As good as this last season was compared to season 4, I'm still not surprised it got cancelled. Shame they never touched on what happened with Troy and the gulf pirates, though.


----------



## p1ngpong (May 11, 2014)

calmwaters said:


> I'm an idiot?


 
Yes quite clearly you are.


----------



## the_randomizer (May 11, 2014)

And here I was thinking this thread devolved quicker than usual, boy, we narrowly escaped that one  Glad I was wrong.



Nathan Drake said:


> You're an idiot. No other words describe my thoughts after reading your post.

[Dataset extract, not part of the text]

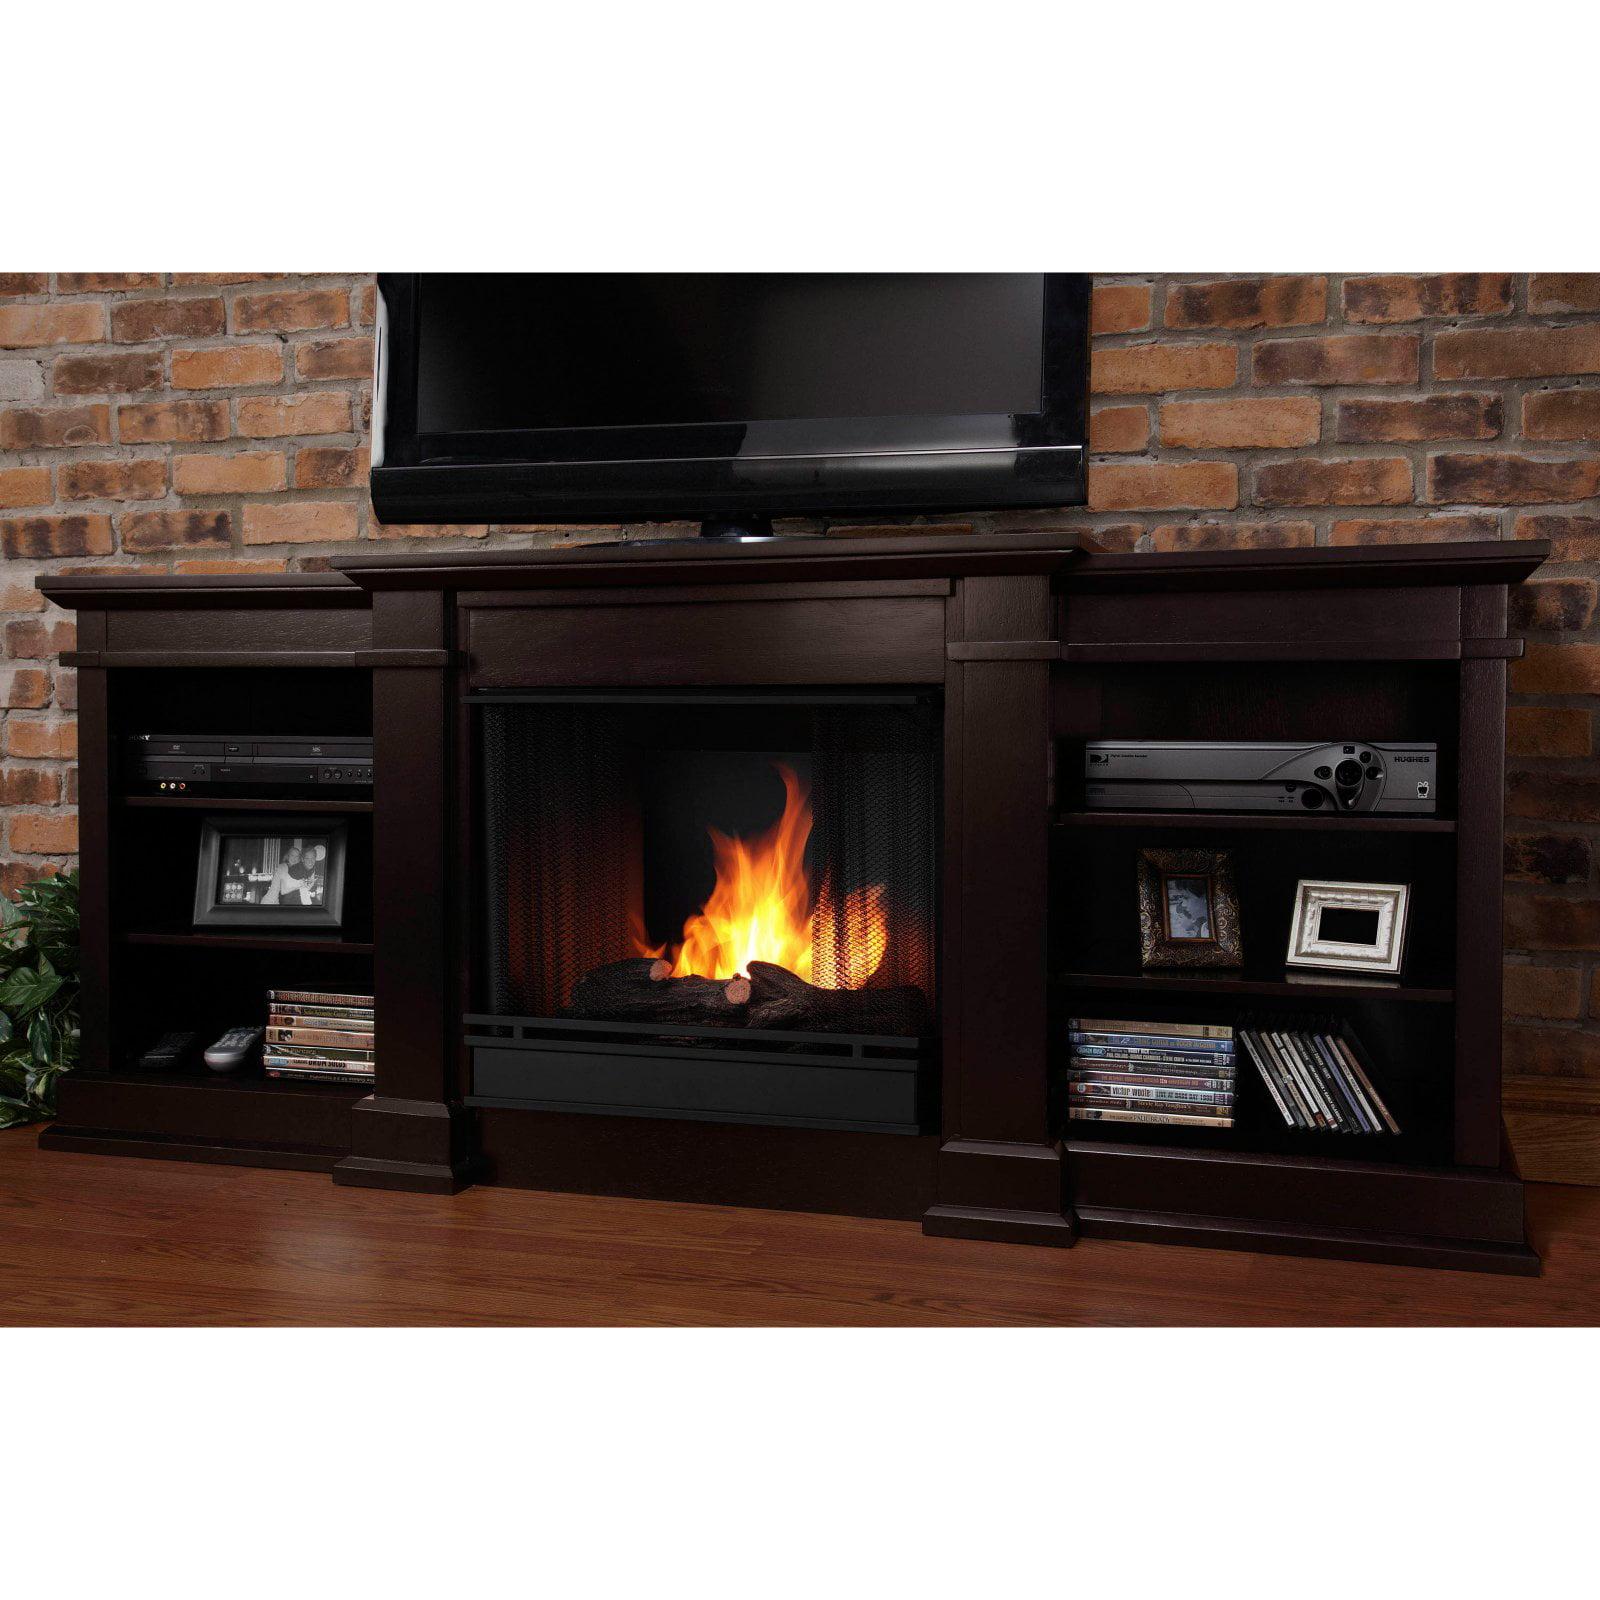 Real Flame Fresno Ventless Gel Fireplace - Dark Walnut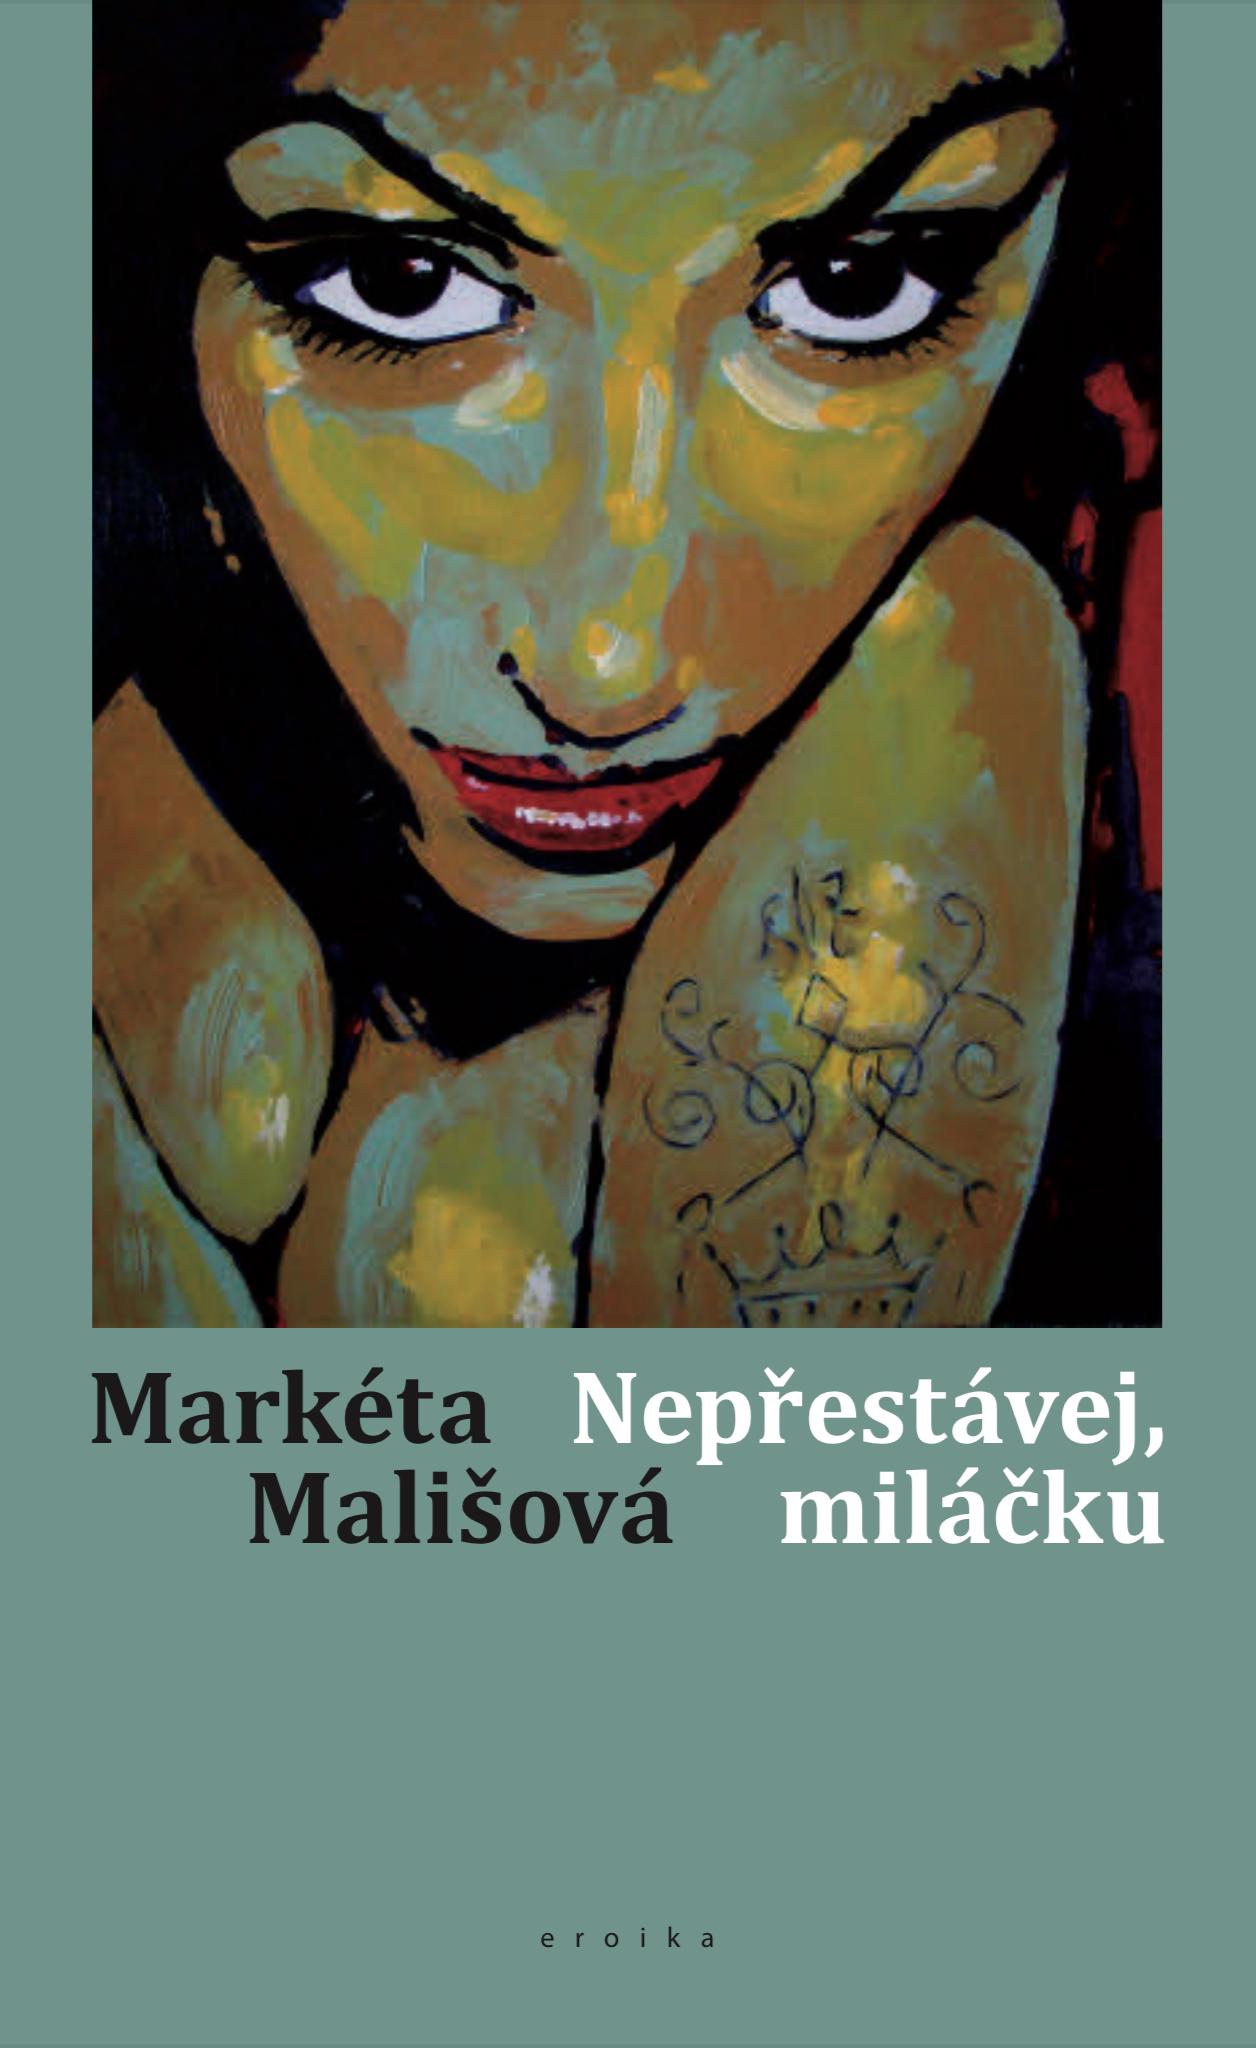 literatura-pod-sirym-nebem-autorske-cteni-markety-malisove-31-8-v-portheimce

My, that's awfully nice and considerate of people to go around and unjustifiably and pusillanimously insulting other members.


----------



## p1ngpong (May 11, 2014)

the_randomizer said:


> My, that's awfully nice and considerate of people to go around and unjustifiably and pusillanimously insulting other members.


 
Calwaters is purposefully trying to derail this thread by shitposting, his very first post amounted to nothing but spam and trolling.

Go white knight someplace else.


----------



## WiiCube_2013 (May 11, 2014)

Foxi4 said:


> inb4NetflixBuysItAndMakesAnotherSeason, see Arrested Development.


 
This was awful. Wish they haven't done it.


----------



## ov3rkill (May 12, 2014)

^They might try. Some even goes to web only episodes.


----------



## Clydefrosch (May 12, 2014)

It made me sad. Though I guess after troy and pierce left, things would eventually fall apart


----------



## CompassNorth (May 12, 2014)

soulx said:


> #5seasonsandnomovie #darkesttimeline



I didn't find this funny D:


----------



## Clydefrosch (May 12, 2014)

ì like rick and morty. its no adventure time, but its better than the lucas bros


----------



## Flame (May 12, 2014)

this makes me sad...


----------



## Gahars (May 12, 2014)

Foxi4 said:


> inb4NetflixBuysItAndMakesAnotherSeason, see Arrested Development.


 

http://www.avclub.com/article/why-community-resurrection-extraordinarily-unlikel-204540






Then again, this is the same website that was basically saying, "Community is sure to get a renewal!" right up to the cancellation, so...


----------



## Tom Bombadildo (May 12, 2014)

Definitely a shame, Community was a pretty great show. Though I didn't really keep up with the fifth season, it's a shame to see it go.


----------